Former Attorney General Alberto Gonzales, now under investigation for allegedly politicizing the Justice Department, ousted a top lawyer for failing to adopt the administration’s position on torture and then promised him a position as a U.S. attorney to placate him, highly placed sources tell ABC News.
Gonzales, who was just taking over as attorney general, asked Justice Department lawyer Daniel Levin to leave in early 2005, shortly after Levin wrote a legal opinion that declared "torture is abhorrent" and limited the administration’s use of harsh interrogation techniques.
At the time, Levin was in the middle of drafting a second, critical memo that analyzed the legality of specific interrogation techniques, like waterboarding.
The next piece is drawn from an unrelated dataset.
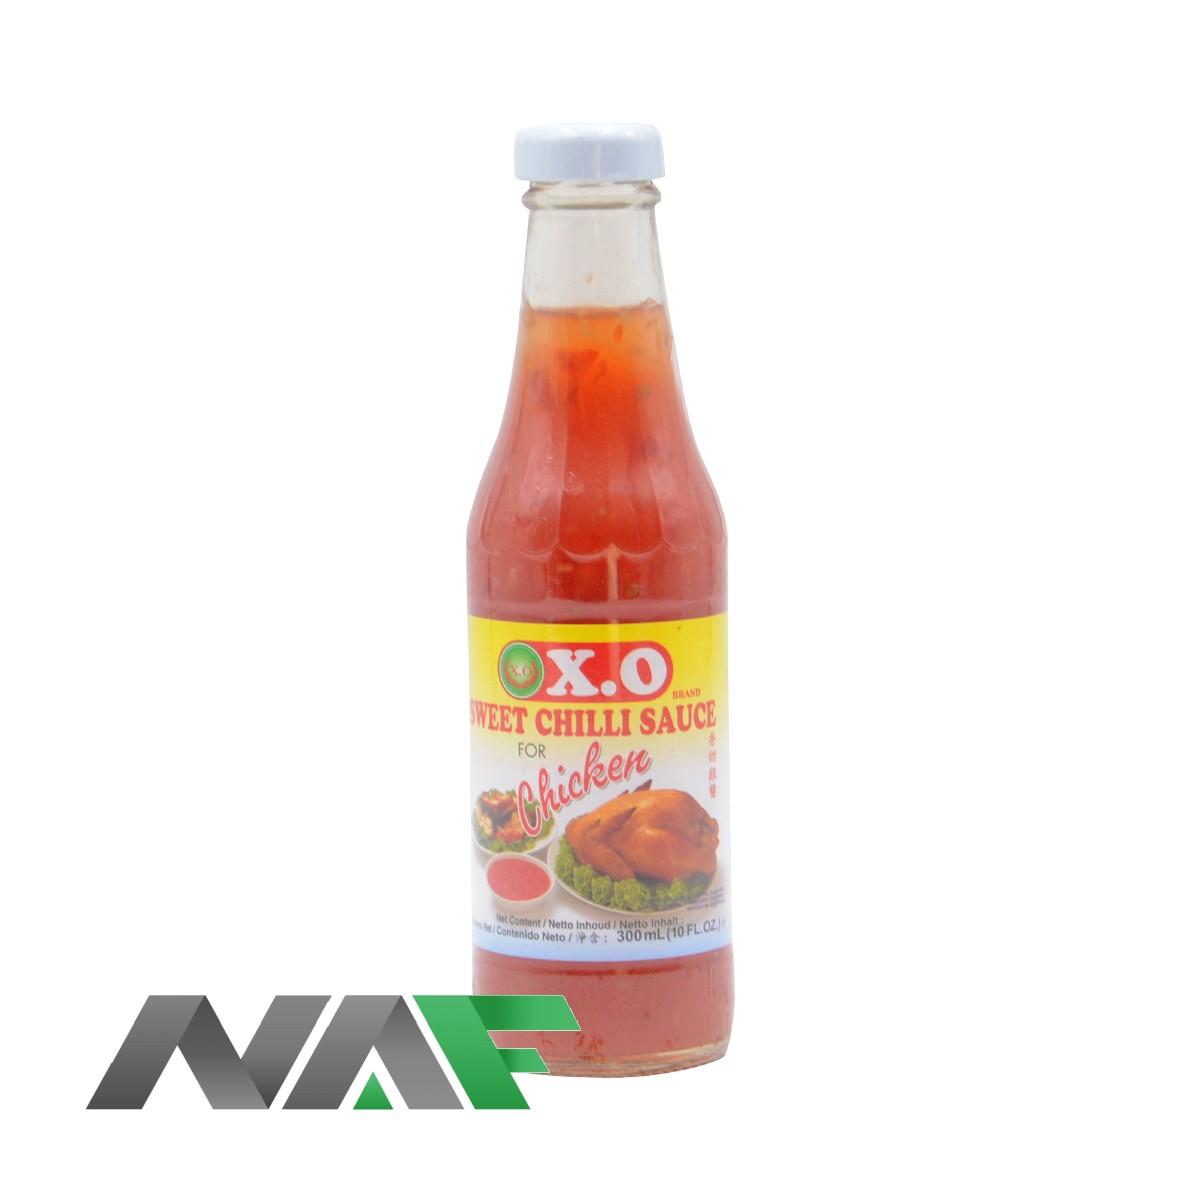 Sweet Chili Sauce X O 300ml

Gonzales, however, was concerned about how it would be perceived if Levin were ousted immediately after issuing the opinion — and just before he finished another — so he offered Levin a less significant job outside the Department of Justice at the National Security Council, sources tell ABC News.
[snip]
Levin took the NSC job in March 2005. The U.S. attorney position never materialized, and sources close to Levin say he never believed Gonzales was serious.
As ABC points out, Kyle Sampson floated Levin’s name to replace Kevin Ryan in San Francisco.
But what ABC only hints at is what happened next: the trial run of Stephen Bradbury for the position of OLC head. Within months after Levin was ousted, we know, Bradbury wrote three new memos on torture, endorsing the combined use of harsh techniques.
When the Justice Department publicly declared torture “abhorrent” in a legal opinion in December 2004, the Bush administration appeared to have abandoned its assertion of nearly unlimited presidential authority to order brutal interrogations.
But soon after Alberto R. Gonzales’s arrival as attorney general in February 2005, the Justice Department issued another opinion, this one in secret. It was a very different document, according to officials briefed on it, an expansive endorsement of the harshest interrogation techniques ever used by the Central Intelligence Agency.
The new opinion, the officials said, for the first time provided explicit authorization to barrage terror suspects with a combination of painful physical and psychological tactics, including head-slapping, simulated drowning and frigid temperatures.